6. A wireless communication control device comprising:

an information receiving unit that

from each of a plurality of base station devices, each of the base station devices including: a channel-occupancy-rate measurement unit that measures a channel occupancy rate due to communication between the base station device itself and a terminal device connected to the base station device itself in a channel used for communication by the base station device itself; a first received-power measurement unit that measures a first received power from a first other base station device that uses for communication the channel used for communication by the base station device itself among a plurality of base station devices included by a wireless communication system to which the base station device itself belongs and from a first terminal device connected to the first other base station device; and a second received-power measurement unit that measures a second received power from a second other base station device that uses for communication a channel other than the channel used for communication by the base station device itself among the base station devices and from a second terminal device connected to the second other base station device,

receives the channel occupancy rate, the first received power, and the second received power; and

an interference-information calculation unit that obtains an interference power and an interference occupancy rate between each pair among the base station devices, based on the channel occupancy rate, the first received power, and the second received power received.

7. The wireless communication control device according to claim 6, further comprising a channel allocation unit that determines a channel to be used for communication by each of the base station devices, based on the interference power and the interference occupancy rate calculated by the interference-information calculation unit, and allocates the channel determined to each of the base station devices.

8. The wireless communication control device according to claim 6, further comprising:

9. The wireless communication control device according to claim 8, wherein the interference-matrix generation unit arranges, in a diagonal component of the interference matrix corresponding to each of the base station devices, a noise component in the base station device.

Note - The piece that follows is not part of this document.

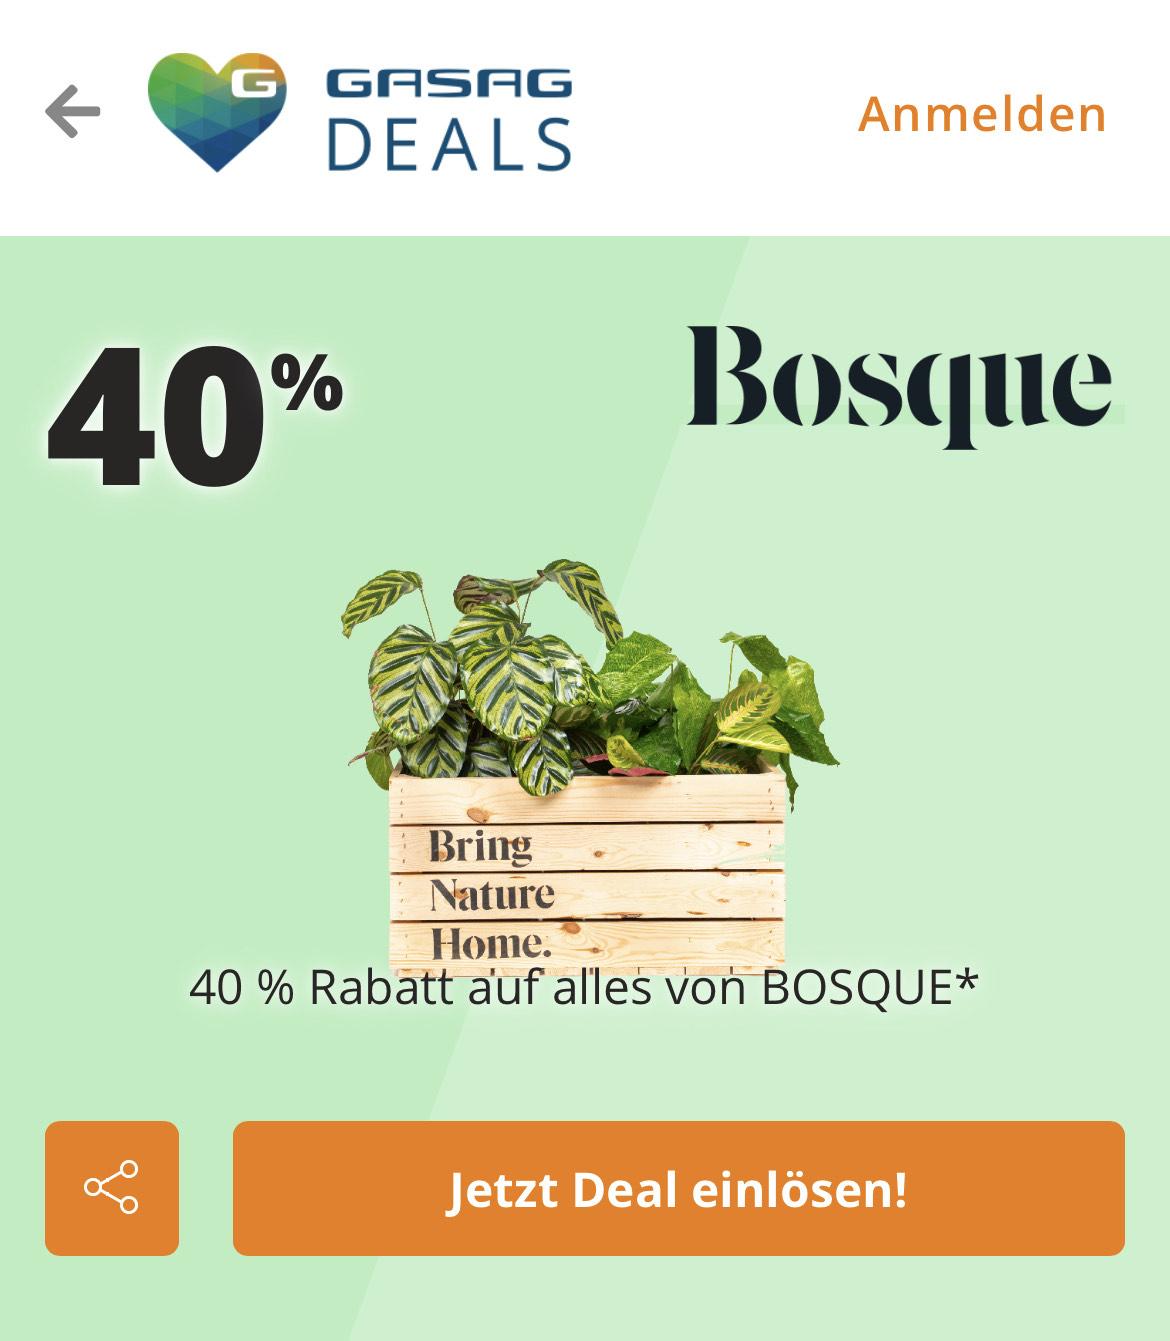 [Lokal Berlin   Hamburg] 40% Rabatt auf Bosque Pflanzen über GASAG Newsletter

10. A wireless communication control method used in a wireless communication system including a plurality of base station devices and a wireless communication control device, the wireless communication control method comprising:

measuring, by each of the base station devices, a channel occupancy rate due to communication between the base station device itself and a terminal device connected to the base station device itself in a channel used for communication by the base station device itself;

measuring, by each of the base station devices, a first received power from a first other base station device that uses for communication the channel used for communication by the base station device itself among the base station devices and from a first terminal device connected to the first other base station device;

measuring, by each of the base station devices, a second received power from a second other base station device that uses for communication a channel other than the channel used for communication by the base station device itself among the base station devices and from a second terminal device connected to the second other base station device;

notifying, by each of the base station devices, the wireless communication control device of the channel occupancy rate, the first received power, and the second received power; and

obtaining, by the wireless communication control device, an interference power and an interference occupancy rate between each pair among the base station devices, based on the channel occupancy rate, the first received power, and the second received power of which each of the base station devices has notified the wireless communication control device.